Weekly market guide
Review the latest portfolio strategy commentary from Mike Gibbs, managing director of Equity Portfolio and Technical Strategy.
Federal Reserve (Fed) Chairman Jerome Powell’s much-anticipated speech on November 30 was far less hawkish than anticipated, resulting in lower market-implied rate hike expectations in the outlook, lower bond yields, and sharply higher equities. For example, the S&P 500 and Nasdaq were up 3.1% and 4.4% in Wednesday’s trading with strong internals.
There was a sense of investor hesitancy in the lead-up to the speech with many expecting Powell to suppress the market’s optimism since the October CPI report, as the Fed does not want financial conditions to ease too early. To be sure, he discussed the high uncertainty in predicting the inflationary outlook, that inflation is still far too high, and that the Fed has more work to do (none of which was new news). However, his tone seemed more balanced between the risk management of being careful not to hike too aggressively or not enough. He all but confirmed a slower 50 basis point (bp) hike for December, and likely what got markets excited was spending time to discuss the still plausible chance of a soft landing (potential for rate hikes to hit high job openings, rather than resulting in spiked unemployment). The shift in tone to a more delicate approach is justifiably positive for equities, but we do not believe the market is ready to exit this bear market that easily.

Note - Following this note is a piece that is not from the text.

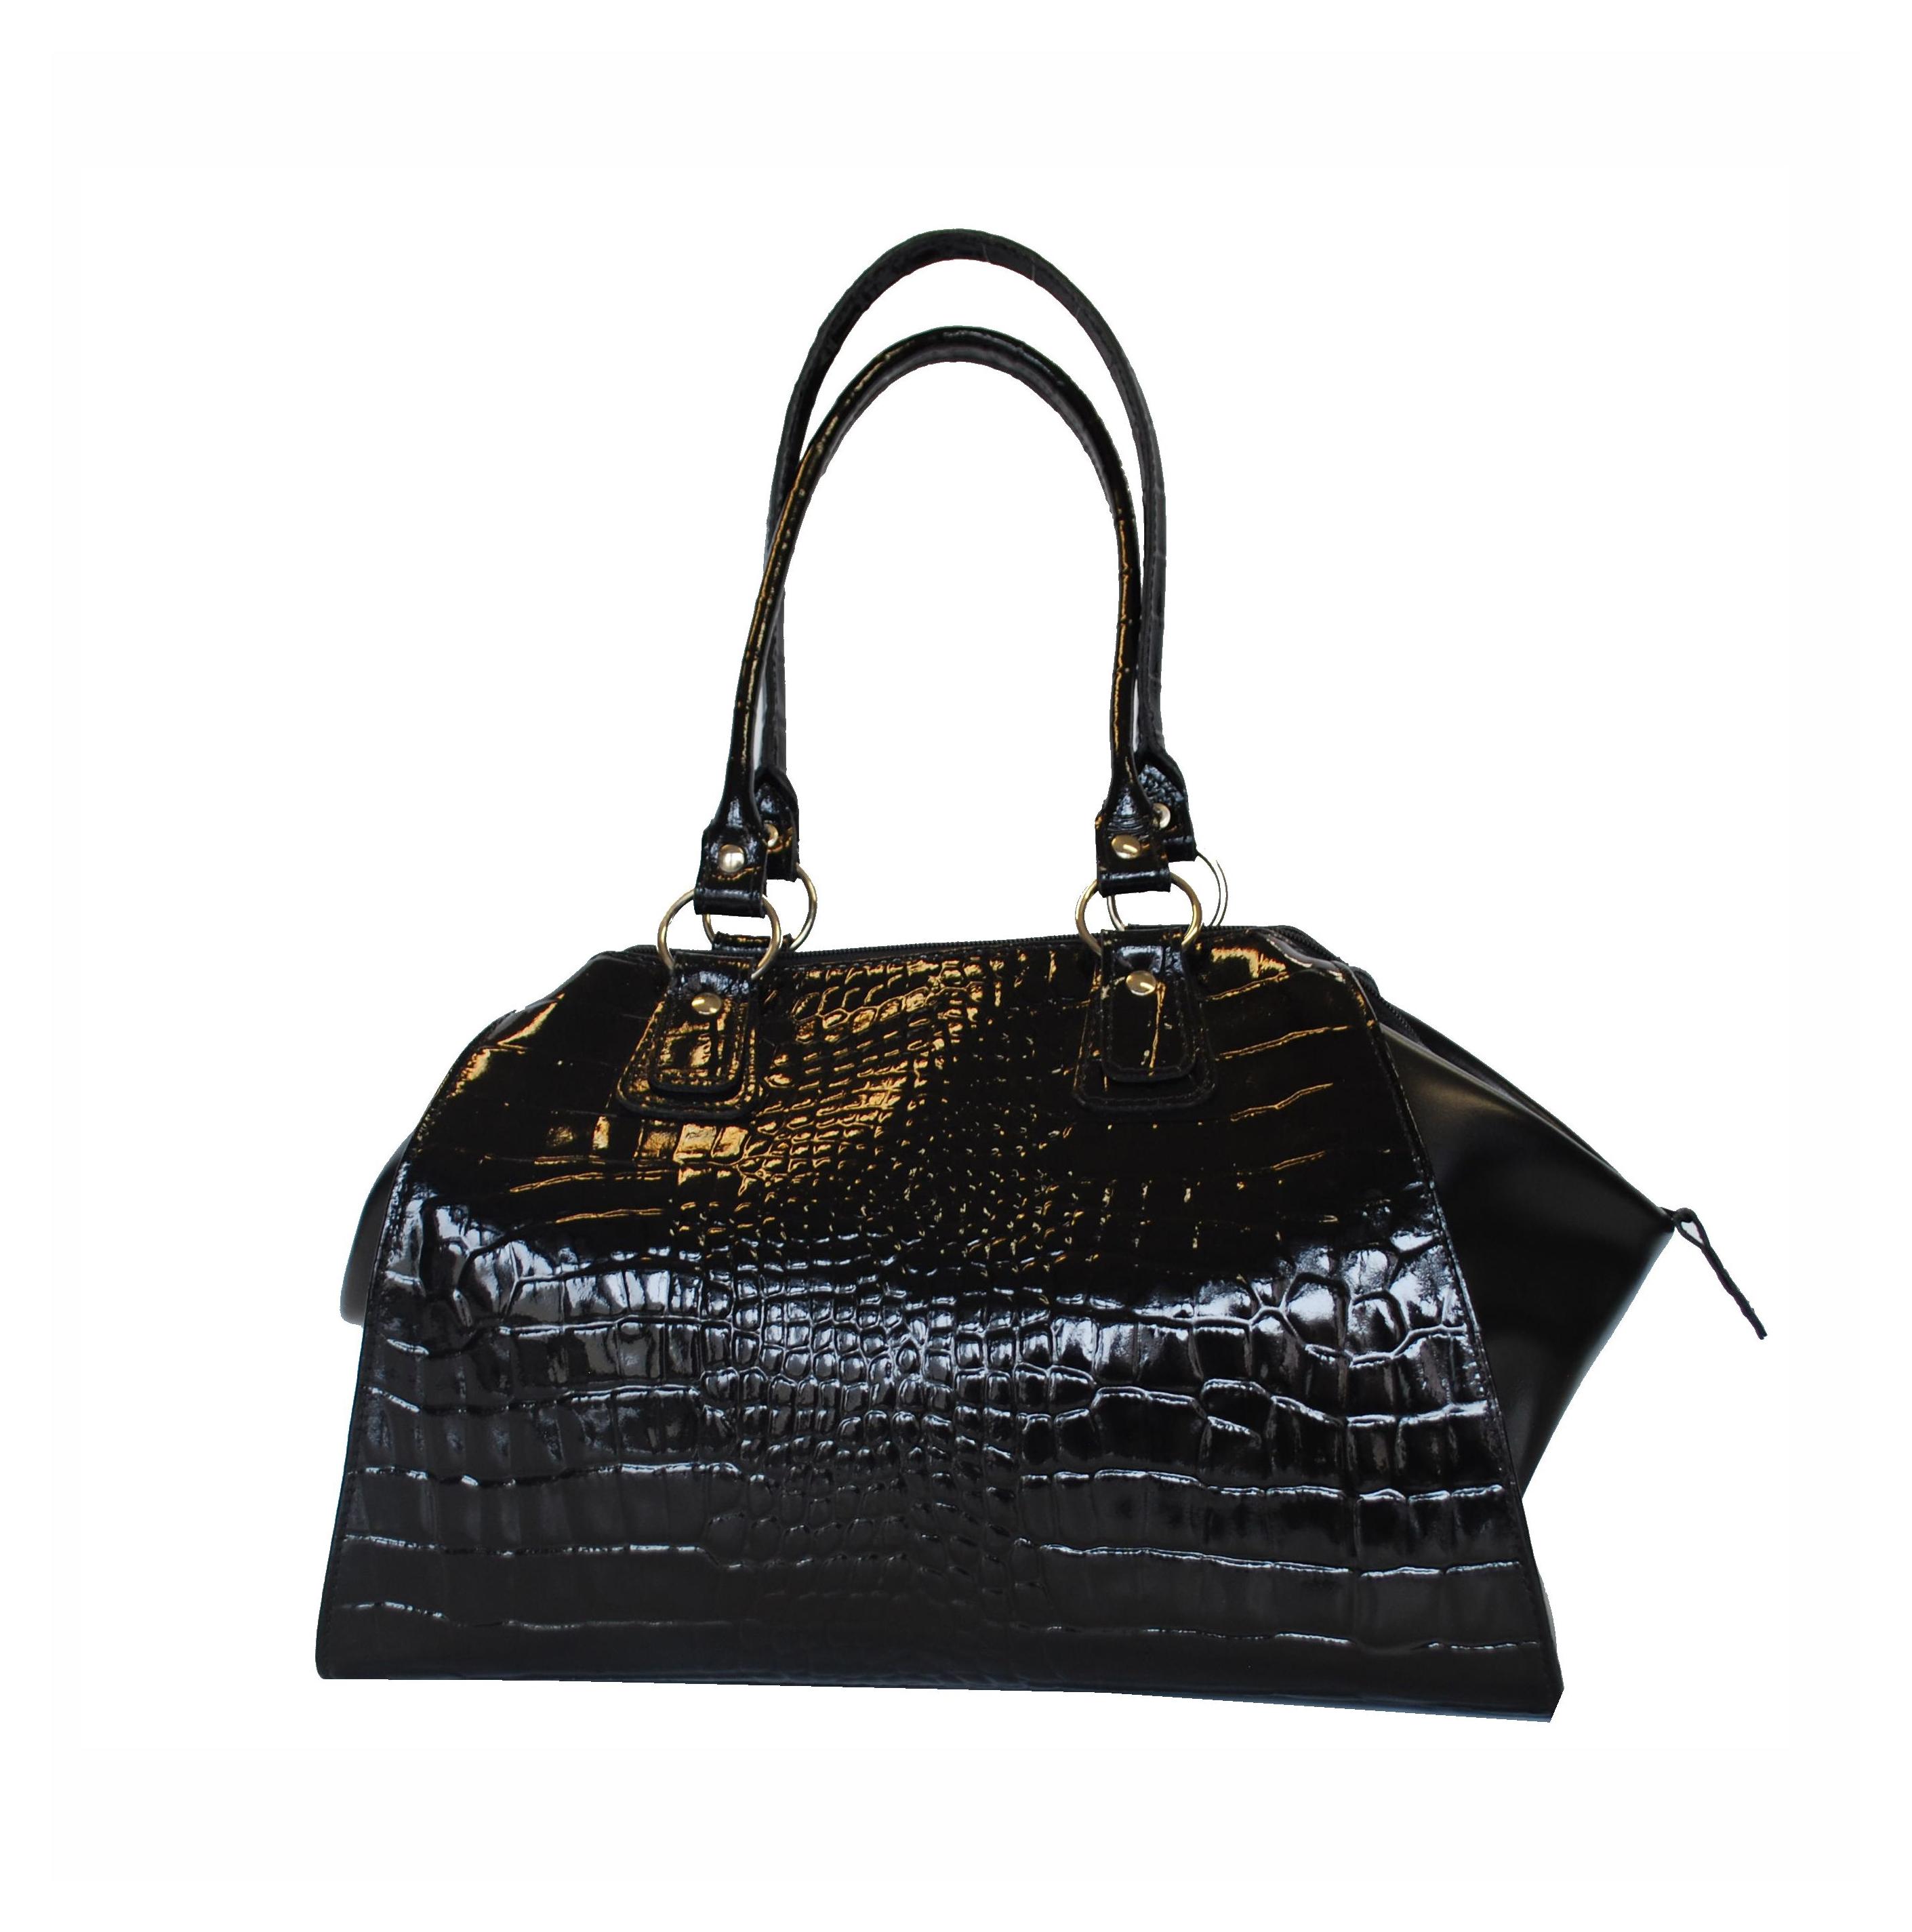 Luxusná kožená lakovaná kabelka č.8616 v čiernej farbe  bd333029b34

Ultimately, the degree of inflation moderation ahead, and in turn the Fed policy, and how much damage will be inflicted on the economy (to bring inflation under control) will remain the primary influences on earnings and multiples in our view. We do believe that we are in the late stages of this bear market, due to our belief that inflation is set to moderate over the next year and that the recession will be mild. However, the Fed remains in tightening mode, tightening acts with a lag on the economy, and it will likely take time for the Fed and investors to have high conviction on the inflationary and economic outlook – resulting in more time needed before equities are able to show sustainable upside in our view. The next major catalysts include the FOMC decision and press conference on December 14, along with November CPI the prior day on December 13.
The underlying technical backdrop has improved in the second half of this year, and the percentage of stocks above their 200 DMA is now at its highest level since January. There are encouraging signs technically that market trends are attempting to become more supportive, however equities are also now overbought in the short-term (following a 17% rally since the 10/13 lows). With overbought conditions, along with expected choppiness ahead, we maintain our overall stance to refrain from chasing the rally periods and to build exposure in the weak periods.